BP has posted a 71 per cent increase in underlying profits and highlighted the contribution made by giant field developments in areas such as West of Shetland.

The oil and gas giant made $2.6 billion (£1.9bn) profit net of one-offs in the first three months compared with $1.5bn in the preceding year.

The results provide further evidence of the boost that the increase in oil prices in recent months has provided for the majors.

Royal Dutch Shell and Chevron last week reported they had increased first quarter profits by 42% and 36% respectively.

Read more: Shell boss hails fantastic performance of North Sea business

Led by chief executive Bob Dudley, BP said the growth in profits was mainly due to an improvement in the performance of its upstream exploration and production division.

This produced its best figures since the third quarter of 2014, when oil was selling for more than $100 a barrel.

BP got an average $61.4 per barrel of oil in the first quarter against $49.87 in the same period of 2017.

Crude sold for less than $30 early in 2016 before major exporters agreed later that year to cut production to support the market.

BP’s chief financial officer Brian Gilvary noted: “The results definitely benefit from a higher oil price.” But he added: “Actually, it’s more about the seven projects that we brought onstream; there’s six more that we’re bringing onstream this year.”

Major starts ups last year included the redevelopment of the Schiehallion and Loyal fields West of Shetland, through the Quad 204 project.

Read more: First oil recovered from redeveloped Schiehallion field

This year’s are expected to include the Clair Ridge development West of Shetland, scheduled to come onstream in the second half.

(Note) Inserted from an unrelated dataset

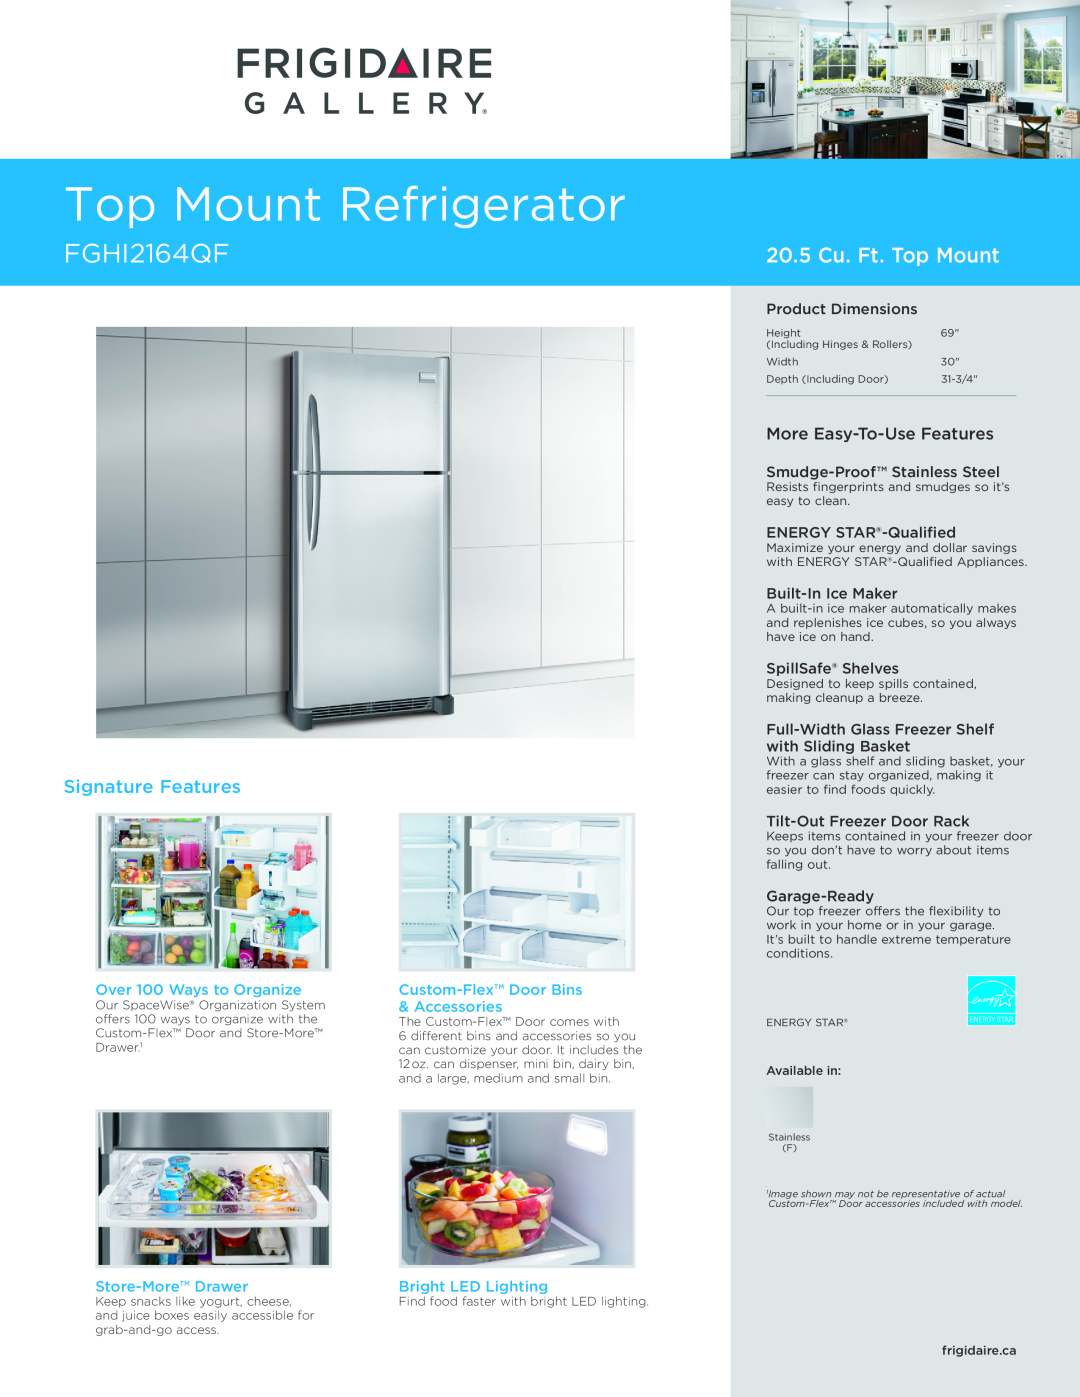 Frigidaire FGHI2164QF dimensions Top Mount Refrigerator, 20.5 Cu. Ft. Top Mount, Signature Features, Custom-FlexDoor Bins

BP expects to achieve good returns from the West of Shetland projects although they were approved before the crude price peaked at $115/bbl in June 2014.

The scale of the fields allows BP to produce from them at a relatively low cost per barrel using modern technology.

The company provided signs in the first quarter that it had regained its enthusiasm for investing in the North Sea, after retrenching in the area in response to the sharp fall in the crude price from 2014.

BP sold off a raft of assets it deemed non core and axed around 600 jobs.

In February BP approved plans to develop the Alligin and Vorlich fields off Scotland.

Read more: BP announces new North Sea developments as oil price rises

It referred to these in the section on strategic progress in yesterday’s results announcement.

The company generated excitement in the industry in January when it said it had made two North Sea finds and expected to double production in the area to 200,000 barrels daily by 2020.

It did not comment on the finds yesterday.

Mr Gilvary made clear the increase in the oil price had not persuaded BP to loosen the purse strings, noting:“We’re going to stick with capital discipline. We’re not going to go chasing higher oil prices and look for more projects.”

The company wants to reduce debt and to increase payouts to shareholders.

BP has returned $460m to shareholders through share buy backs since restarting its programme in the last quarter of 2017. It held the first quarter dividend at 10 cents.

The costs of the 2010 Gulf of Mexico oil spill rose by $206m in the first quarter to $66bn. BP shares closed up 9.7p at 547.7p.